HONGZHE LI, PH.D. Professor of Biostatistics and Statistics University of Pennsylvania, Perelman School of Medicine
THURSDAY, MARCH 28, 2013 10:00 a.m.– 11:00 a.m. Clinical Research Building, Room 692
With the development of next generation sequencing technologies, researchers have now been able to study the microbiome composition using direct sequencing, whose outputs are short sequence reads for each of the microbiome samples. We first introduce a model-based method to quantify the bacterial compositions. We then discuss the issues related to associating the microbiome compositions with environmental covariates or clinical outcomes, including (1) identification of the biological/environmental factors that are associated with bacterial compositions; (2) identification of the bacterial taxa that are associated with clinical outcomes. Statistical models to address these problems need to account for the high-dimensional and sparse and compositional nature of the data. In addition, the prior phylogenetic tree among the bacterial species provides useful information on bacterial phylogeny.
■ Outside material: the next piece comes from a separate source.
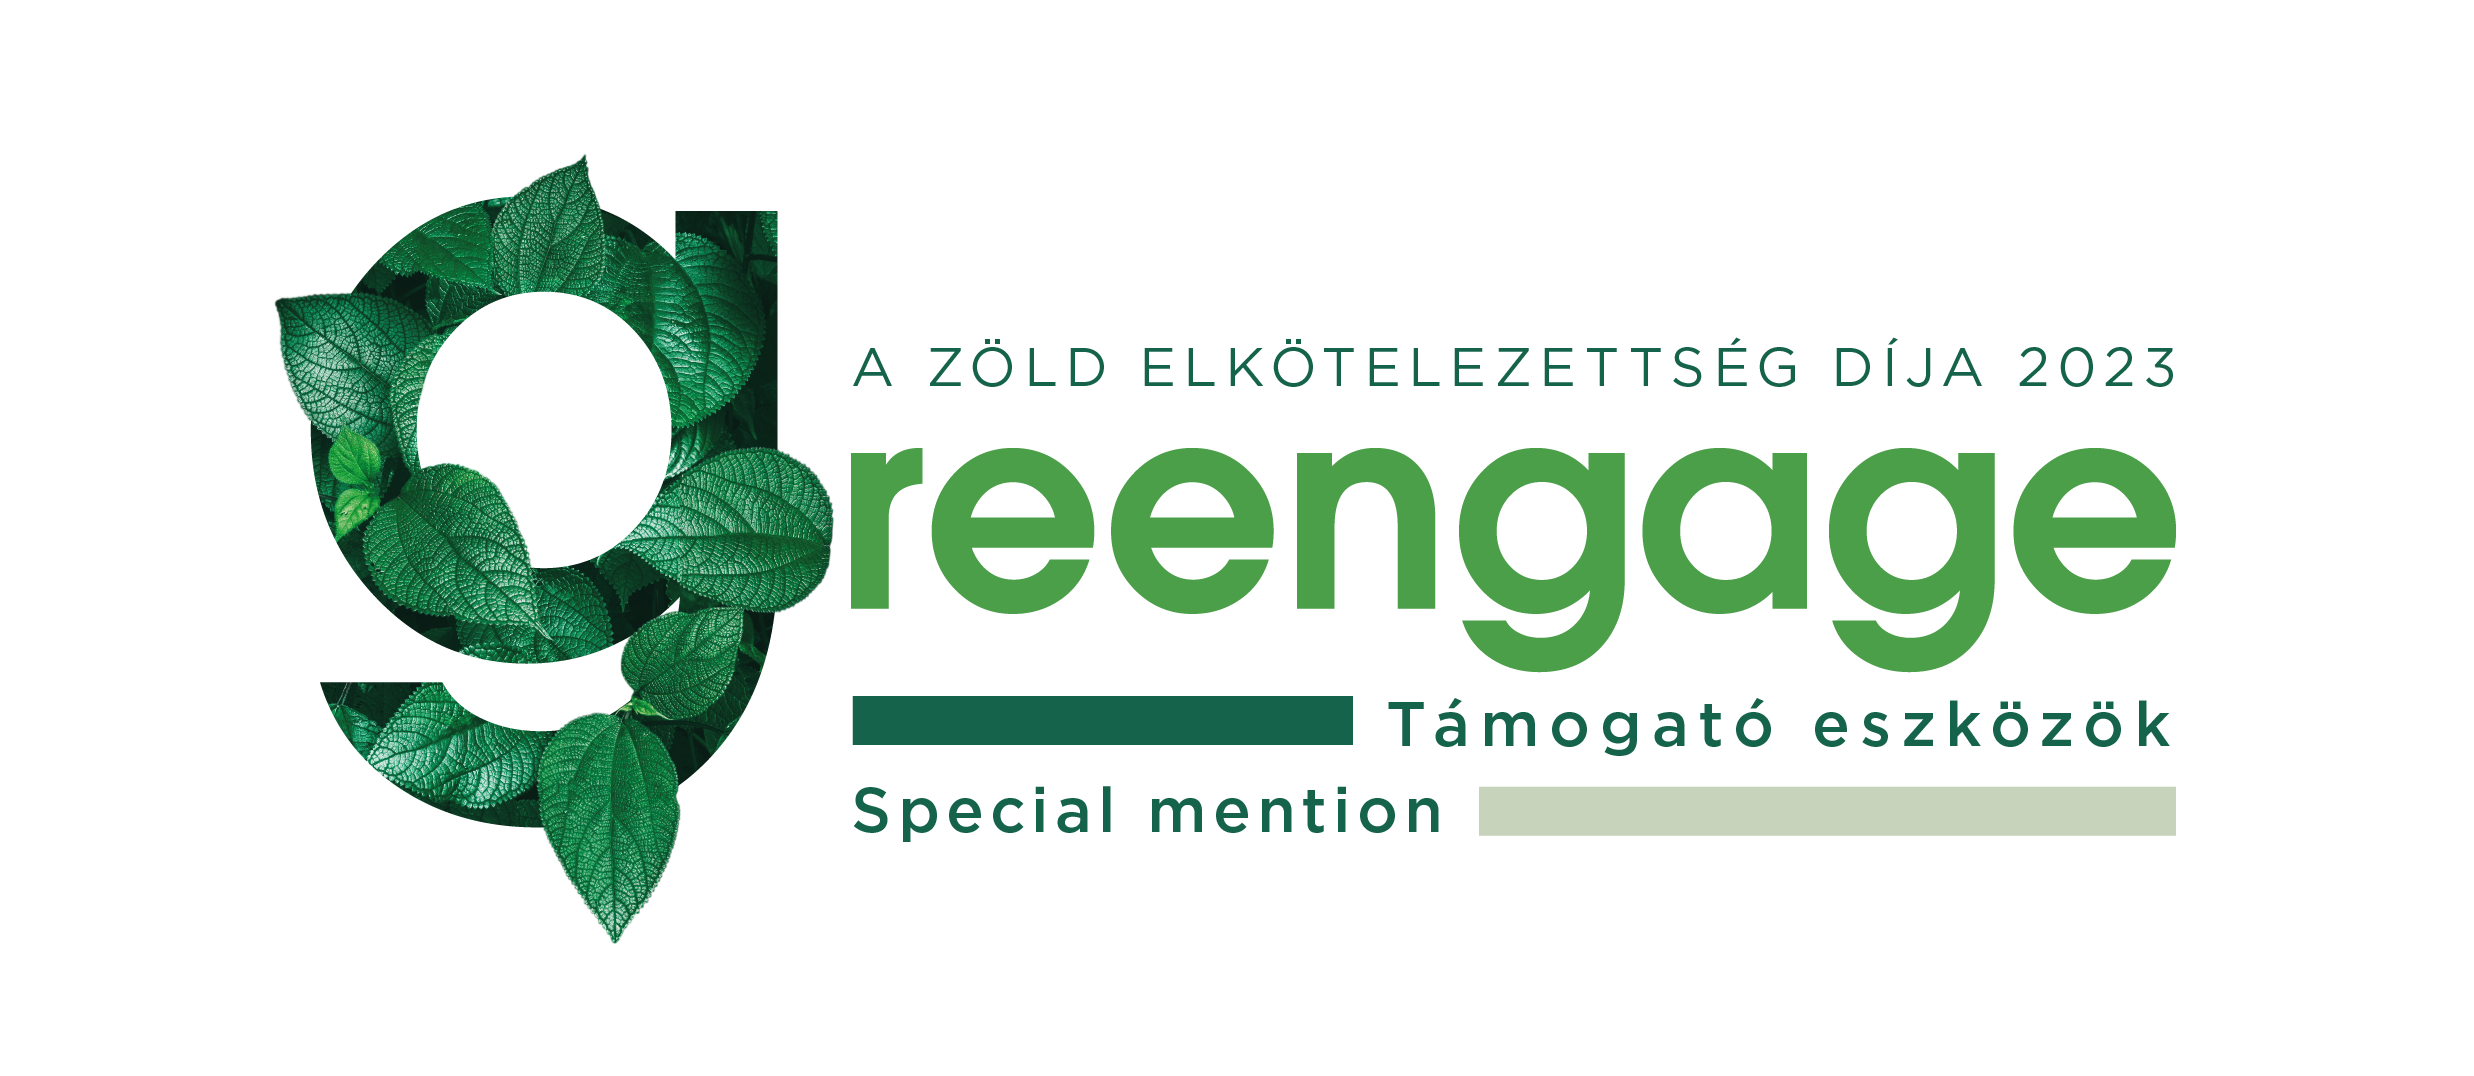 Greengage - A zöld elkötelezettség díja 2023
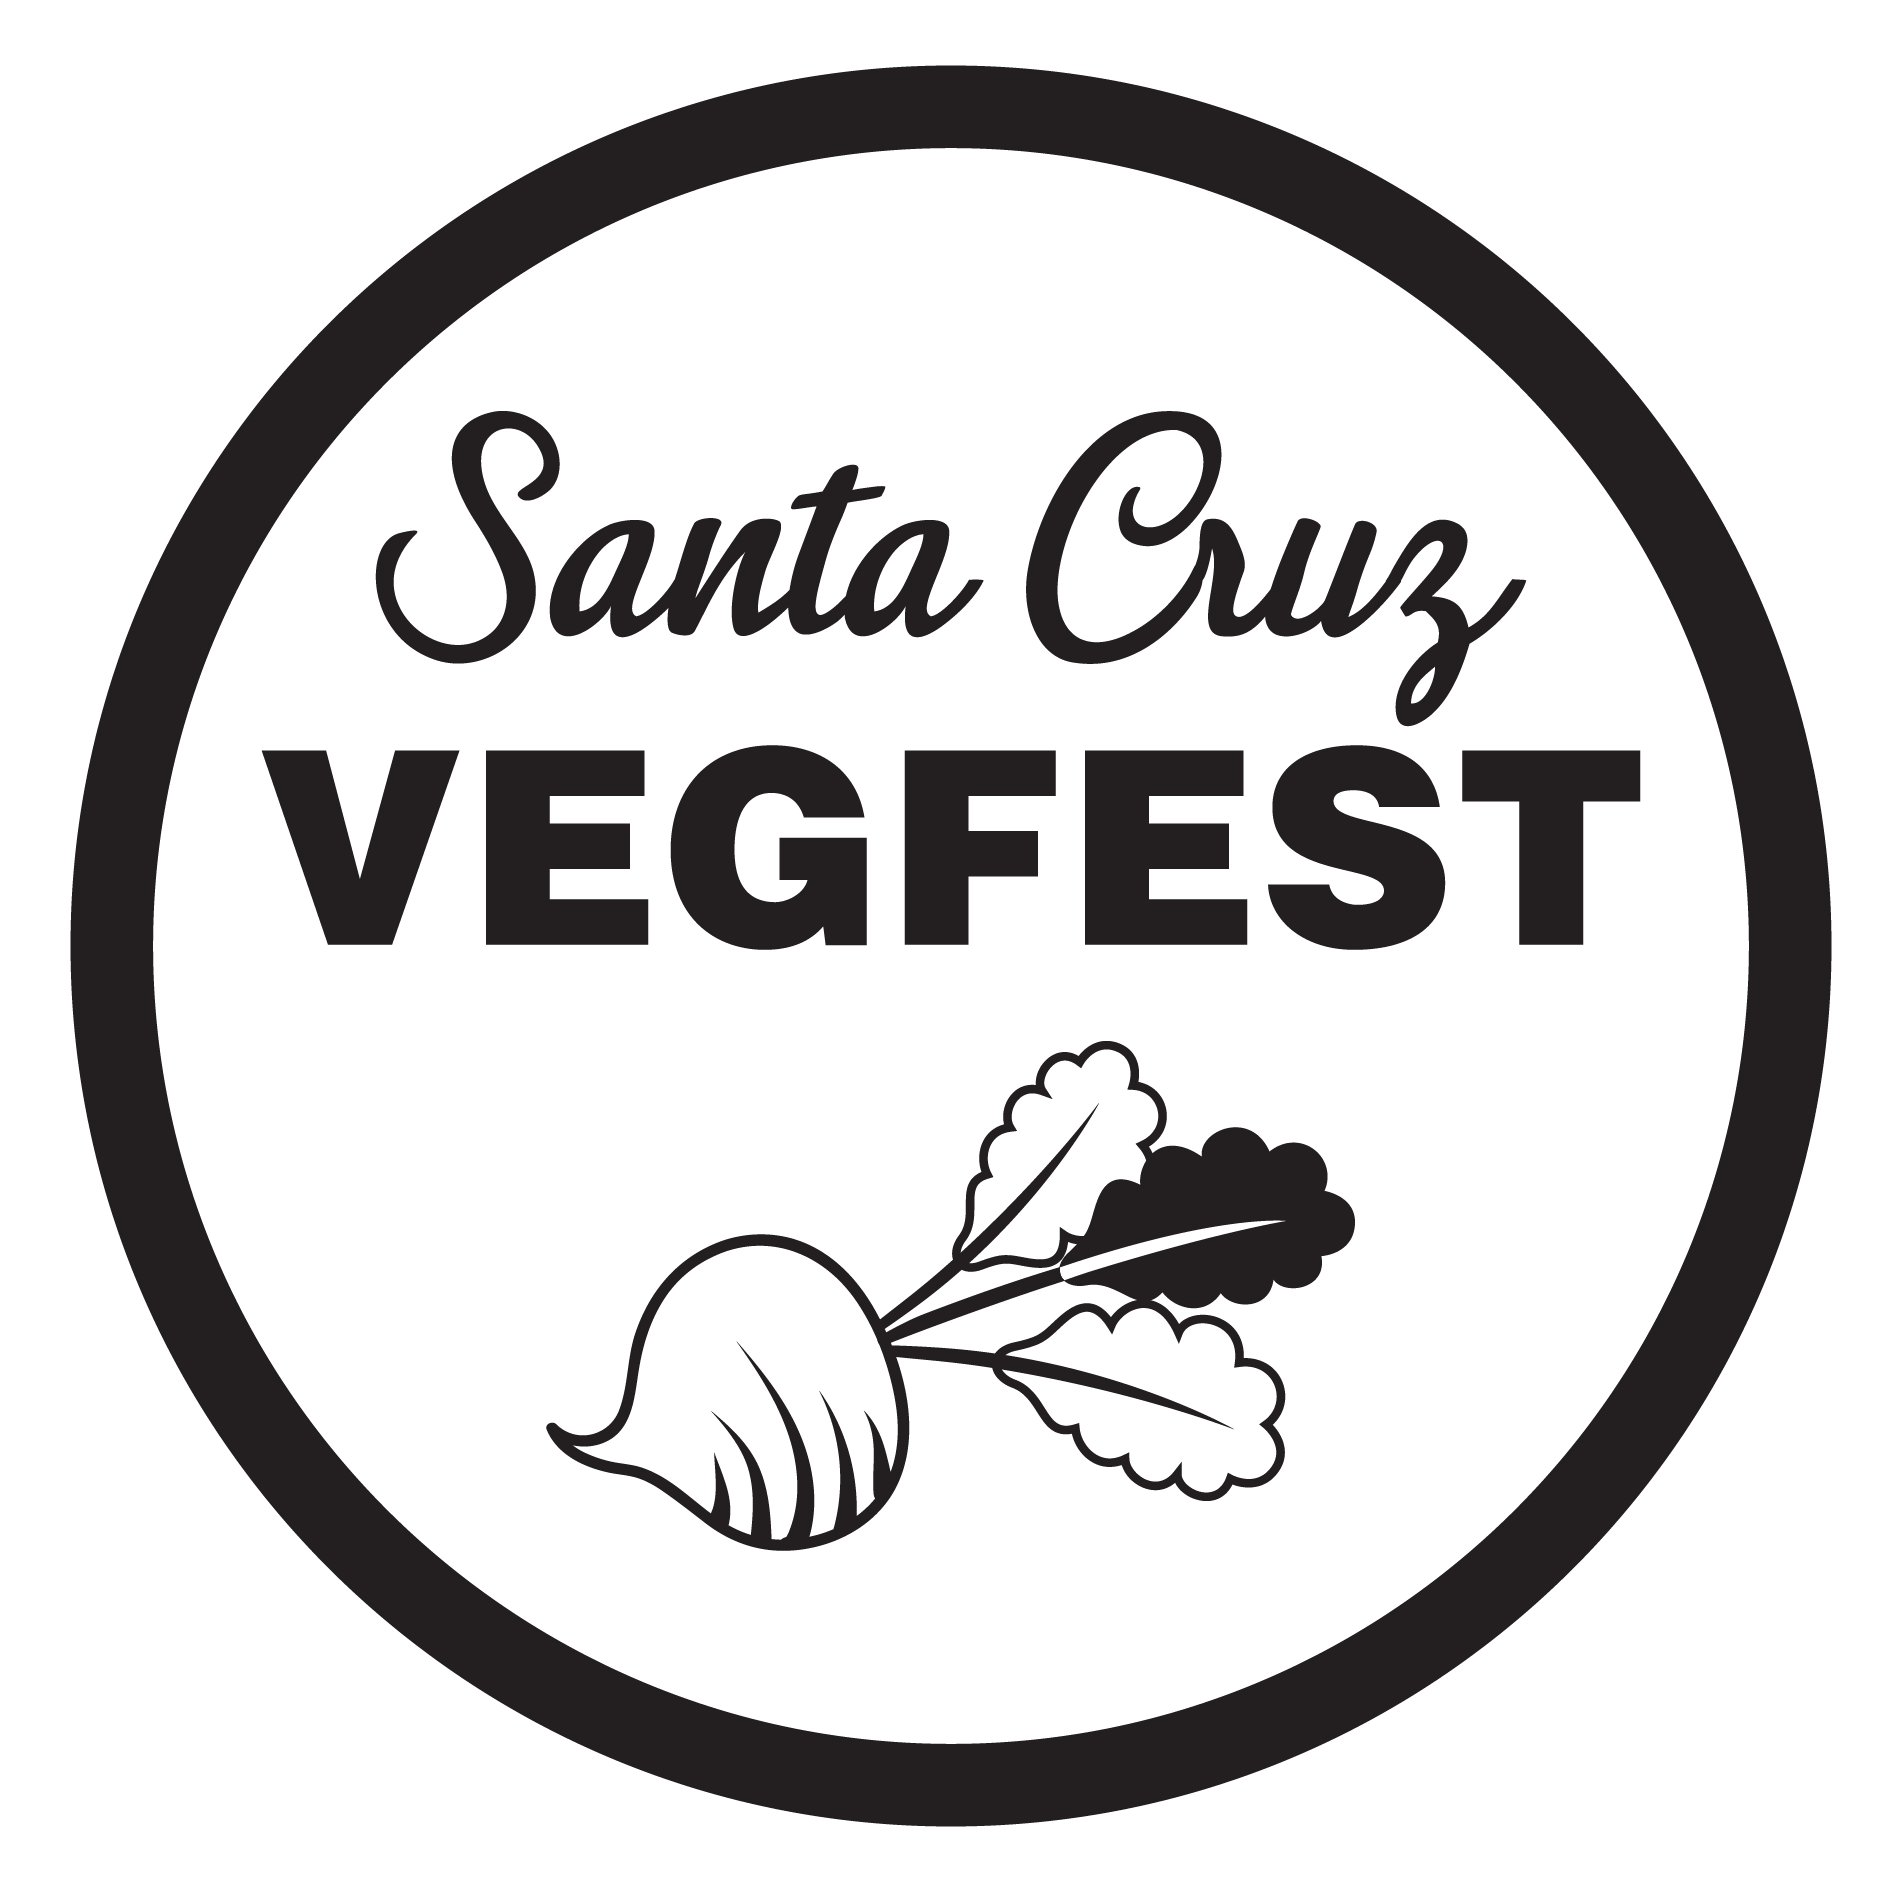 Santa Cruz VegFest

In this talk, I will present several statistical methods we developed for analyzing the bacterial compositional data, including kernel-based regression, sparse Dirichlet-multinomial regression, compositional data regression and construction of bacterial taxa network based on compositional data. I demonstrate the methods using a data set that links human gut microbiome to diet intake in order to identify the micro-nutrients that are associated with the human gut microbiome and the bacteria that are associated with body mass index.